> **Brief**: At the line with "La oposición no", start repeating the data, and continue line by line through the final line, exactly.

> **Excerpted data**:
....

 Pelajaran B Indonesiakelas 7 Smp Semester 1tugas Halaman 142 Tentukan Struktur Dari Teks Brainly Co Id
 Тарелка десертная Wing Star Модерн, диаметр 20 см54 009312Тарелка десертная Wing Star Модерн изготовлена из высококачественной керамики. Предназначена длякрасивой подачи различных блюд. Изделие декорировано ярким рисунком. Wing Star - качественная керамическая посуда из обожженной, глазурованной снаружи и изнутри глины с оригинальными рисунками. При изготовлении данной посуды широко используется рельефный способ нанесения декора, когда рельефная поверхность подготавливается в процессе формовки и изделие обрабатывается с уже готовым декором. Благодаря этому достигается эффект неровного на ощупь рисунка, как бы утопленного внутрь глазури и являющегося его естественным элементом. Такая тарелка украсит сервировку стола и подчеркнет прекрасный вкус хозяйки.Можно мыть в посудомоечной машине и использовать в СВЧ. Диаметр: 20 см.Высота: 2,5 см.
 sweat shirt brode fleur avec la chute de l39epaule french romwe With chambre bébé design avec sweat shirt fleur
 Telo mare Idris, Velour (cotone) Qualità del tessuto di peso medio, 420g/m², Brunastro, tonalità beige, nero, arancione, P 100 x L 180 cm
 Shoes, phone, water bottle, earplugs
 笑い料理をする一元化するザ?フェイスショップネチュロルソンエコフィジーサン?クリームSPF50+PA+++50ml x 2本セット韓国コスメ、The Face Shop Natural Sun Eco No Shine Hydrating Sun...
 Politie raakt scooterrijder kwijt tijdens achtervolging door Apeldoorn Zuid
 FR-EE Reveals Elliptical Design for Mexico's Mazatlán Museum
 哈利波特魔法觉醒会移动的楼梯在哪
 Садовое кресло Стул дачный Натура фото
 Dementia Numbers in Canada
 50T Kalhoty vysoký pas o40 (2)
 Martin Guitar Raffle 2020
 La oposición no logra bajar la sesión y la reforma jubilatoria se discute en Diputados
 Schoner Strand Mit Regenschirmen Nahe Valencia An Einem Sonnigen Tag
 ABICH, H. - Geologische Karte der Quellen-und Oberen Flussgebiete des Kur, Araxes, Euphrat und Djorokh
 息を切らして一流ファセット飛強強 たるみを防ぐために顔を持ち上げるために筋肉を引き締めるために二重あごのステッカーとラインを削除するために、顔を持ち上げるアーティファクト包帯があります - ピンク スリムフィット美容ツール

....

> **Written answer**:
 La oposición no logra bajar la sesión y la reforma jubilatoria se discute en Diputados
 Schoner Strand Mit Regenschirmen Nahe Valencia An Einem Sonnigen Tag
 ABICH, H. - Geologische Karte der Quellen-und Oberen Flussgebiete des Kur, Araxes, Euphrat und Djorokh
 息を切らして一流ファセット飛強強 たるみを防ぐために顔を持ち上げるために筋肉を引き締めるために二重あごのステッカーとラインを削除するために、顔を持ち上げるアーティファクト包帯があります - ピンク スリムフィット美容ツール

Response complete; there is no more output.